What I observed through my binoculars gainsay the theory according to which there isn’t much to see in a classical concert, with all due respect to the giant squirrel. Here are my orchestrical-zoological observations:

  • There is nothing more out of tune -pardon the pun- and disturbing than an obese violinist. A violin player has to be slender by definition, delicate like the instrument he or she plays. On the contrary, it was ok for the kettledrums/timpani player to be obese. I truly appreciated his keeping those four huge beasts under control.
  • The rear players look much more committed than the front row guys. The xylophonists spent all their time during breaks and intermission discussing the score and rehearsing, whereas most of the violins were chit-chatting, legs stretched out, sipping margaritas and smoking Cuban cigars.
  • The tam-tam or gong was very disappointing. At a certain point the tam-tam player gripped the mallet and angled his body around the instrument thus signalling -I naively thought- that he was ready to strike. In fact, he kept that posture for 4 long minutes during which I didn’t dare to move my binoculars away from him out of fear of missing the one-second show. In the end it turned out that the sound was nothing like… what a gong is supposed to sound like, I mean like the Addams family’s gong ("You rang?"). I have to admit that Stravinsky’s sense of rhythm is much more articulate than that of Gomez Addams and thus the gong sound was disappointingly weak, the strike almost imperceptible. In short, I’ve been staring at a gong-hugger for 4 minutes for nothing.
  • Harpists: I wanna found out how they manage to take the instrument home. No wonder I never met a harpist in the subway after a concert.

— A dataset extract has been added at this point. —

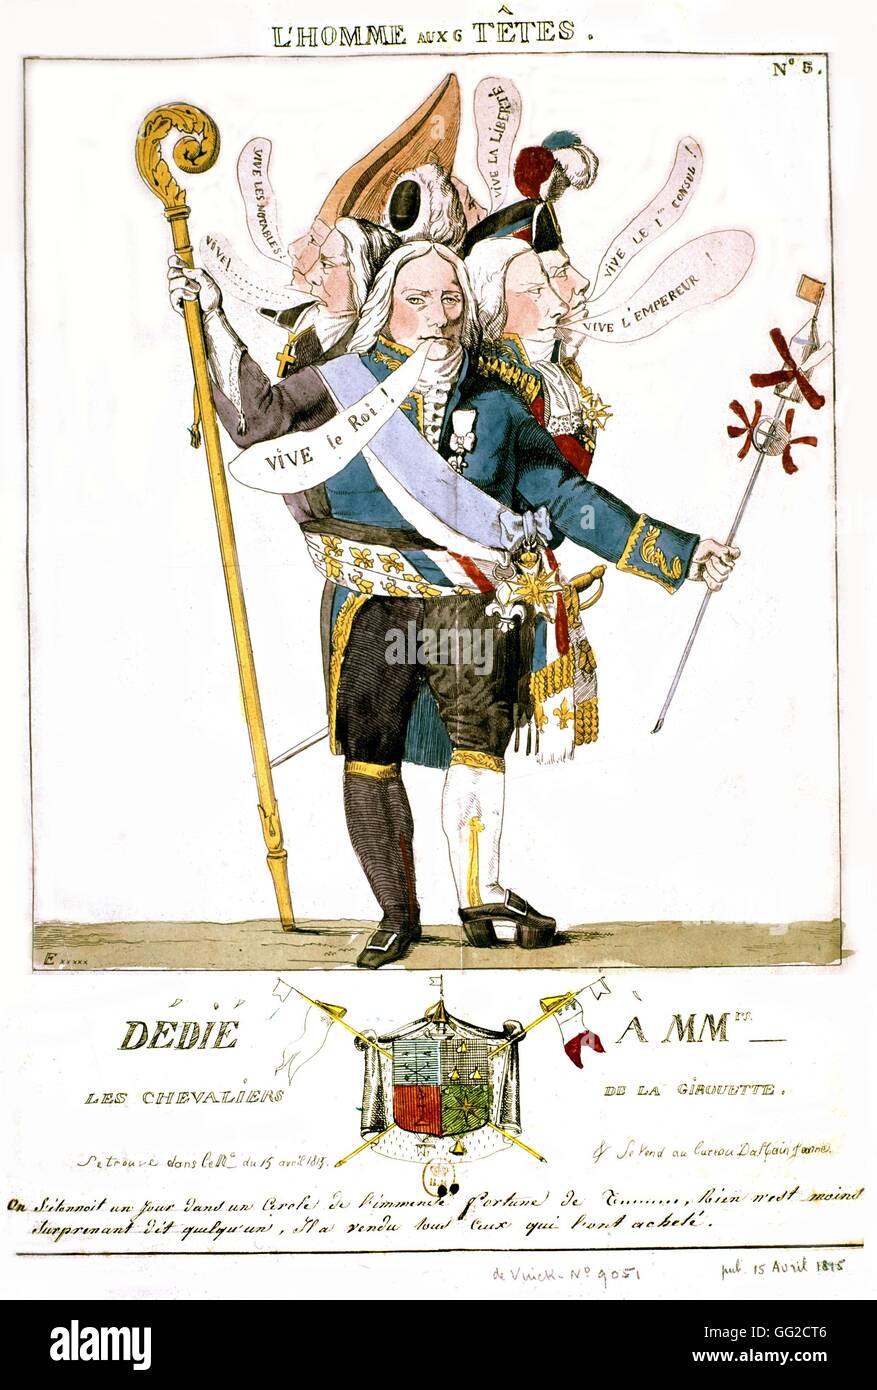 Anonyme Karikatur Talleyrand, unter der Leitung von sechs Mann 18. Jahrhundert Frankreich Stockfoto

I loved Stravinsky’s Petrouchka. It bears all the powerful and evocative elements of Russian culture.

“My music is best understood by children and animals.”

Igor Stravinsky

Wednesday, February 20, 2008

Seeing penguins in Koreatown



For Valentine’s day my husband gave me the perfect gift: we went to an exquisite luxury spa in Koreatown to each enjoy a pampering evening of rejuvenation. Aura Wellness Spa features what they call “Therapeutic Grottos for healing and relaxation”. In other words, three or four igloo shaped ovens at lobster boiling hot temperature, and an igloo shaped refrigerator at Arctic cold temperature.

Once we overcame the mirage effects and managed to stop discussing Kosovo’s independence with lions and penguins, we relaxed, feeling like jello and had fun, an indescribable jello-type of fun. We also met a guy and got some travel tips for Miami and Florida (who says new yorkers are rude? And I swear he was not part of the penguin gang). We ended up talking about Slovakia, his girlfriend's home country. I was tempted to utter that European joke that goes: “the most important thing to know about Slovakia is that it’s not Slovenia”, but I wasn’t sure he would have appreciated the inside humour. Even if I had told him that the joke works the other way around too, when speaking of Slovenia...

After a short while, we were brought to the area where an intense massage began. I'm no stranger to shiatsu massage but when I saw the Korean masseuse climbing on top of me I knew something was up. She could barely speak English. The only word she said was “TENSION” when she first squeezed my neck muscles. Next thing I know, I was no longer a spa client. I was her piece of meat. She made the utmost use of her masochist skills on my right shoulder, punching, spanking, smacking and elbowing all the knots in my muscles. At that point the flock of penguins was back.

I was glad to go home with my right shoulder. I am glad my Korean torturer did not keep it as a souvenir. The next day I walked around town like a zombie, true, but a healthy and relaxed one. After all, we hope this is going to become our monthly torture ritual.